Dr. Pande also worries that pharmacists won’t properly prepare women for emergencies. Trained healthcare workers tell women to contact relatives or friends who can take them to a hospital if they face complications, she said.
“It’s not like so many developed countries where you can just push a button and the ambulance will come,” she said. “It’s not that easy.”
To address such concerns, PSI has recruited ob-gyns to lead harm-reduction sessions for pharmacists. They are also teaming up with Nepal’s Department of Drug Administration to conduct follow-up visits that will assess whether these pharmacists still sell unregistered abortion pills, how they handle prescriptions and whether they refer women to safe abortion sites.

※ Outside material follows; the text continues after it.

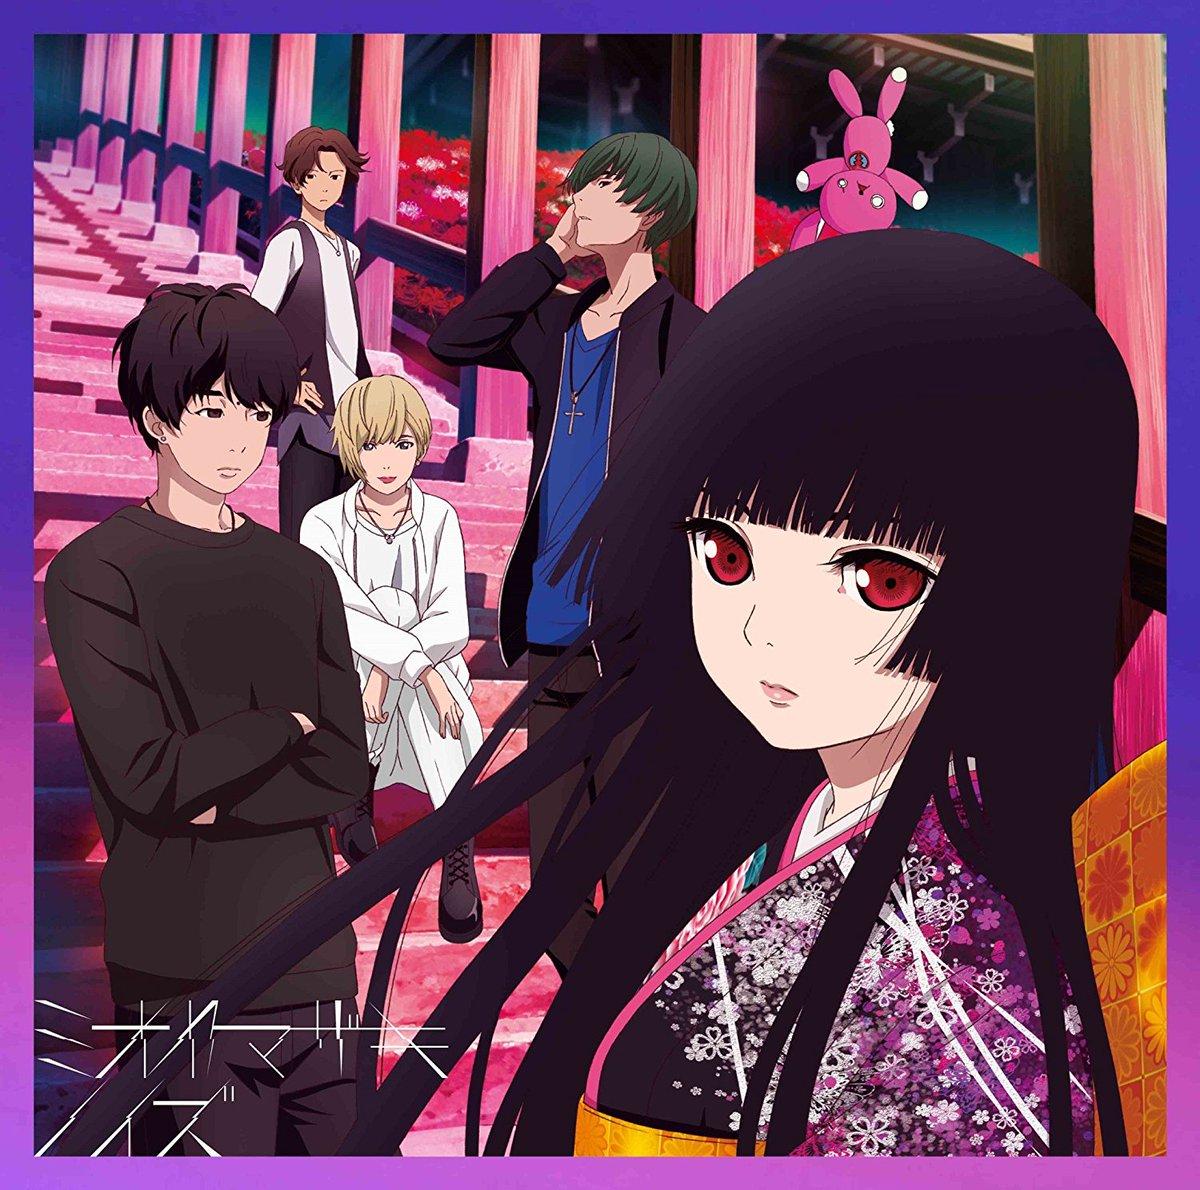 animes de terror top 10  Jigoku Shoujo Yoi no Togi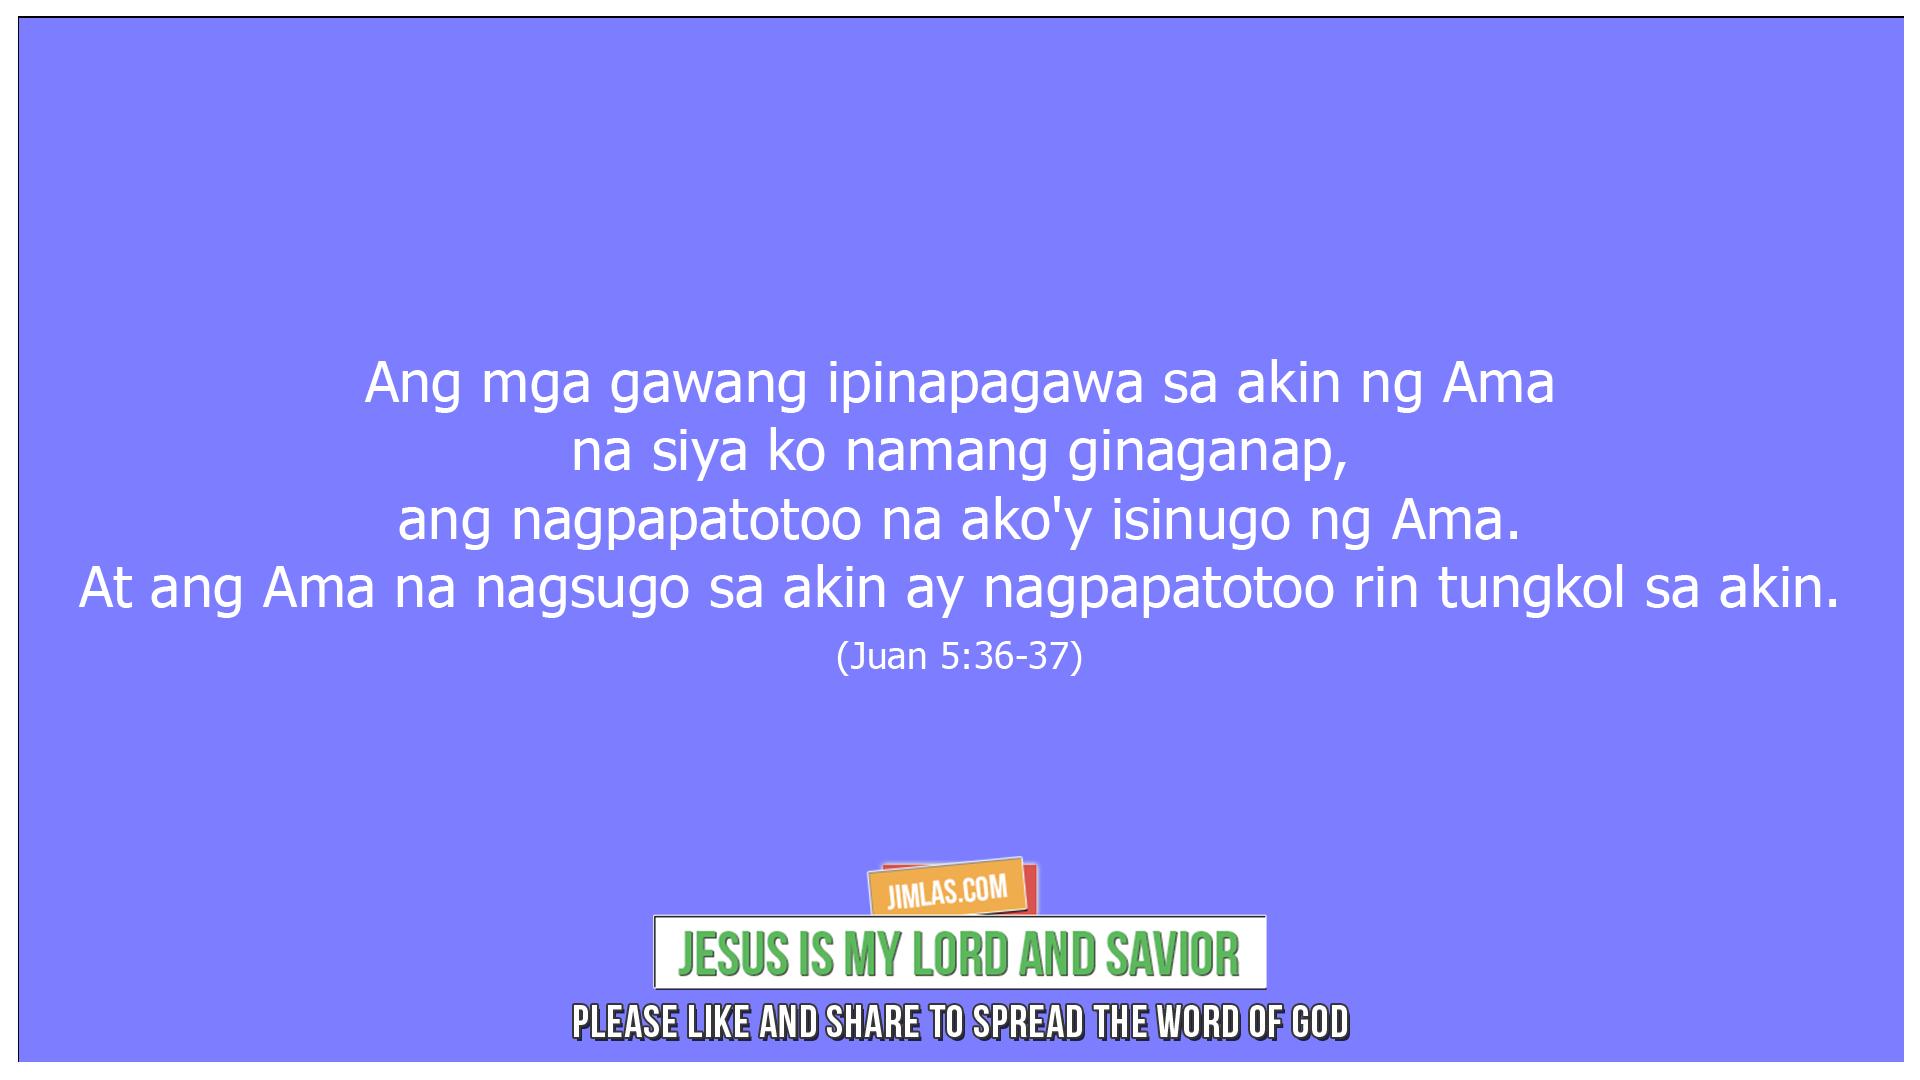 Juan 5 36-37, Juan 5:36-37

Still, Dr. Tuladhar said prevention has to go beyond educating pharmacists: Media campaigns need to advise women seeking medical abortions to first visit a doctor for a prescription. Buying drugs over the counter is both illegal and potentially unsafe, she said.
“There’s a demand for medical abortion, but women don’t know they need a prescription,” she said. “Orientations for pharmacists can help, but women need awareness, too.”